Pixxel-Led Consortium Signs Agreement with IN-SPACe to Build India’s National EO Constellation

January 21, 2026
Pixxel-Led Consortium Signs Agreement with IN-SPACe to Build India’s National EO Constellation

Bengaluru, India, Wednesday, 21 January 2026: Pixxel, a planetary intelligence company that builds and operates some of the world’s most advanced imaging satellites, formalised its agreement with the Indian National Space Promotion and Authorisation Centre (IN-SPACe) today to build India's national Earth Observation constellation. Leading a consortium of four Indian space companies, Pixxel will design, build, own, and operate the country's first privately-led national satellite system under a Public-Private Partnership framework.

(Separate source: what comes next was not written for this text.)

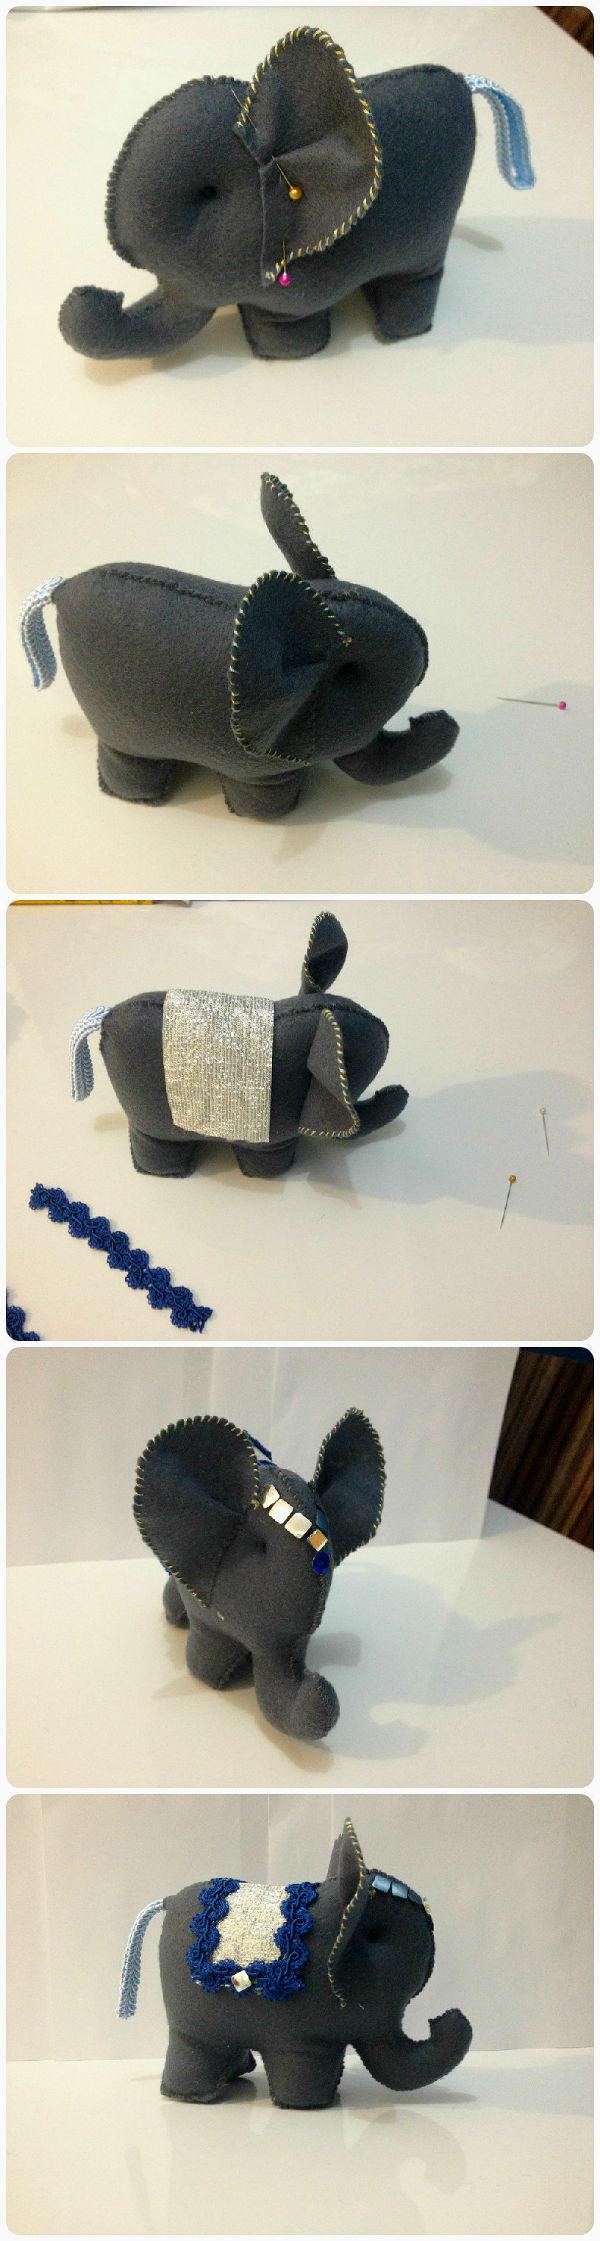 Aparador Nordico Segunda Mano ~ Como fazer um elefantinho indiano em feltro e com Hak

The signing marks a watershed moment for India's space sector, the country's first private-led national Earth Observation constellation and one of the largest public-private partnerships in Indian space history. It represents a fundamental shift from exclusively government-built systems to private industry designing, financing, and operating critical national assets, positioning India among a select group of nations capable of deploying advanced multimodal EO constellations through private-sector leadership.

Commenting on the signing, Awais Ahmed, Founder and CEO of Pixxel, said: “This is a powerful declaration of India’s intent in space. For the first time, India will control its own Earth intelligence infrastructure, designed and operated by Indian companies, serving Indian needs first and global markets second. By entrusting this ₹1,200+ crore national project to a consortium of Indian startups, the government validates the country's private space ecosystem and its ability to deliver infrastructure on a global scale. This is what the new space economy looks like: private sector speed and innovation, deployed at national scale.”

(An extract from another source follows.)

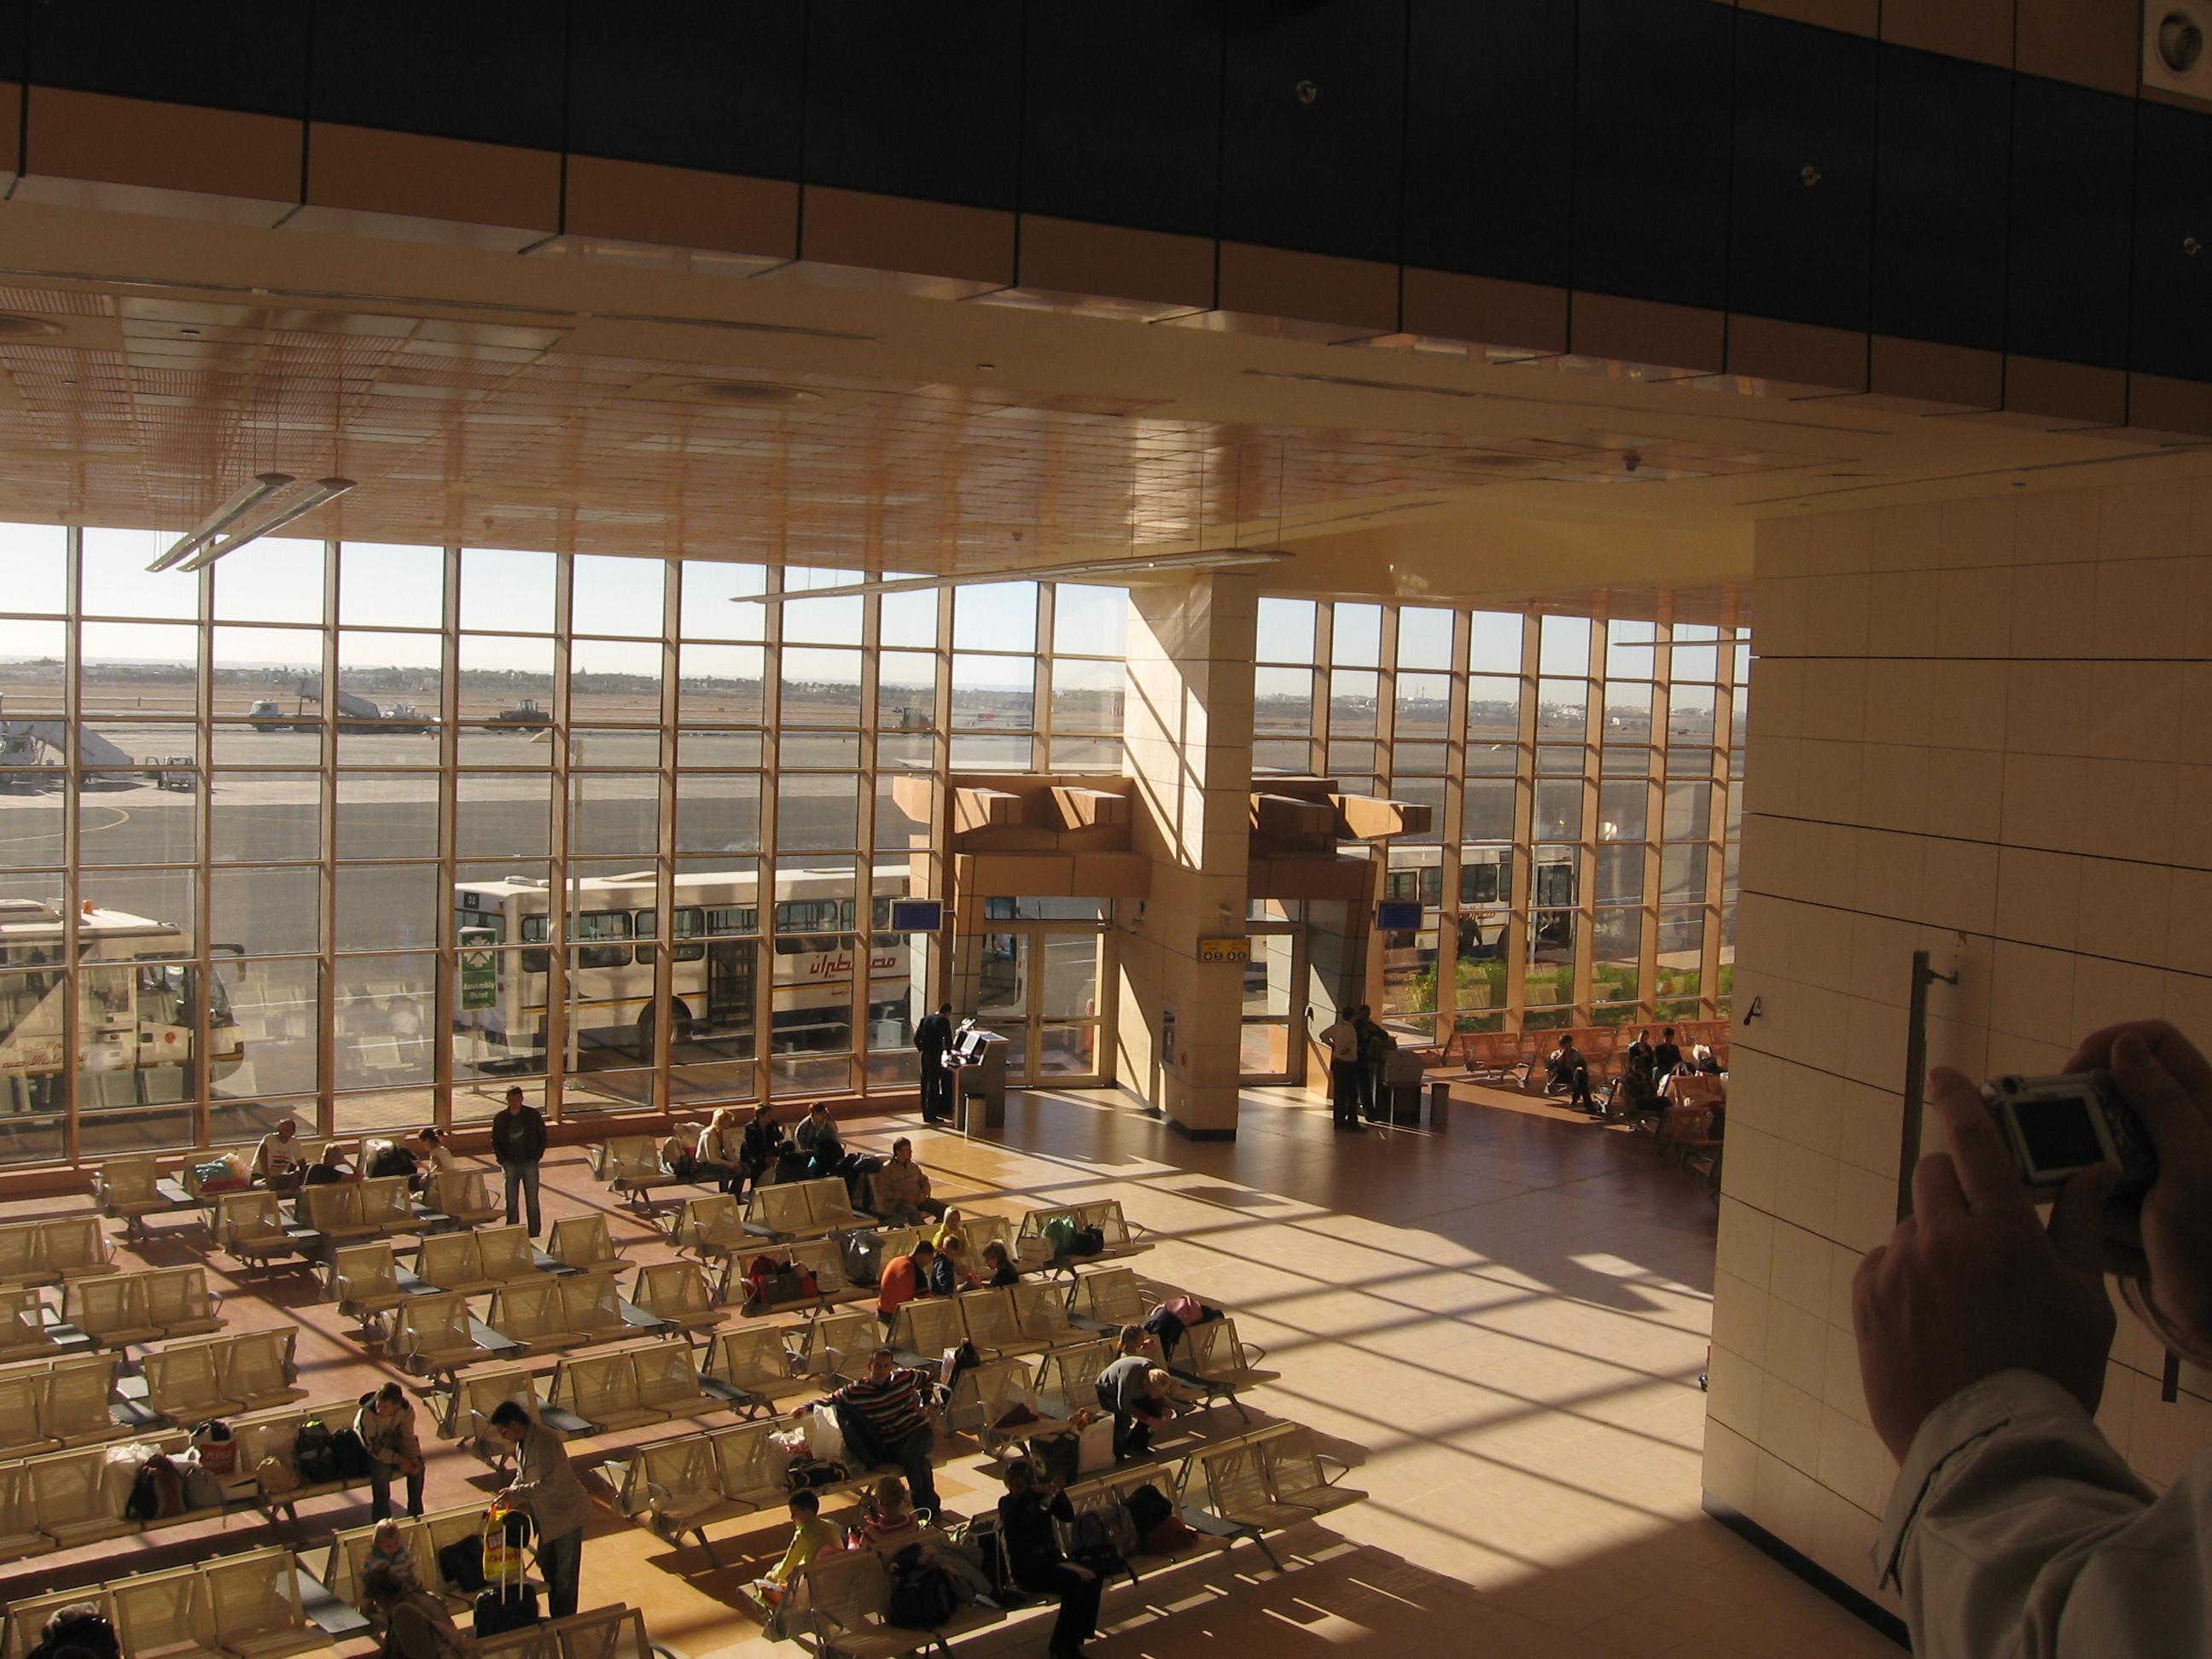 Aeroporto Sharm : Шарм эль Шейх аэропорт это Что такое

Led by Pixxel, the consortium comprises Pixxel, Dhruva Space, PierSight and Satsure, combining complementary strengths in space hardware, analytics, and mission operations to create an end-to-end ecosystem spanning satellites, ground infrastructure, value-added services, and end-user analytics. 

Over the next five years, the consortium will invest over ₹1,200 crore to deploy 12 satellites spanning very high-resolution optical, multispectral, SAR, and hyperspectral imaging. The programme will provide reliable access to EO data for Indian government users, coordinated through IN-SPACe, while also enabling global commercialisation across sectors such as agriculture, environment, infrastructure, energy, and maritime.

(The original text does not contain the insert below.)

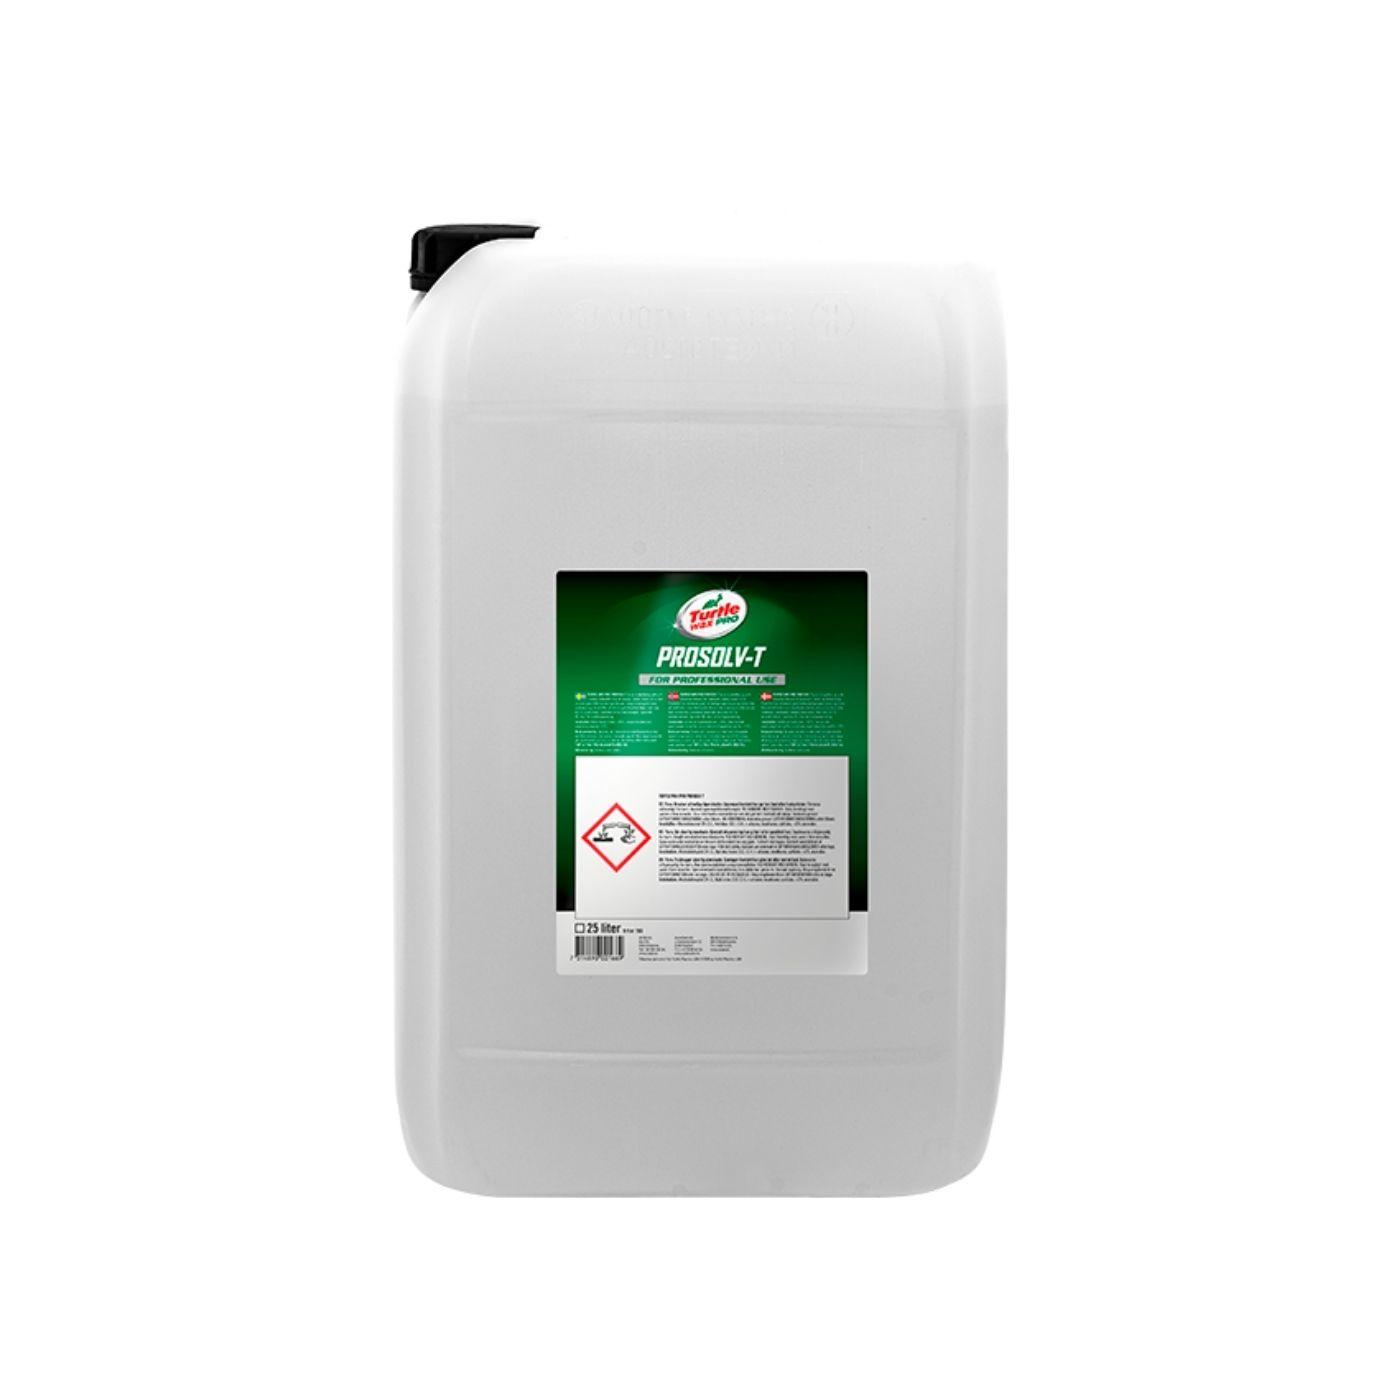 Asfaltslösare Turtle Wax Pro Prosolv-T, 25000 ml

This mission also advances Pixxel’s goal of building a full-stack intelligence and infrastructure layer to serve as a health monitor for the planet. Moving beyond occasional observation to continuous understanding, Pixxel’s planetary intelligence data will reveal patterns, risks, and opportunities before they become crises.

With this milestone signing, the consortium’s focus now turns to execution and delivery: building a constellation that will shape how India produces, uses, and shares Earth observation data in the years ahead, in close partnership with the government to deliver large-scale strategic impact.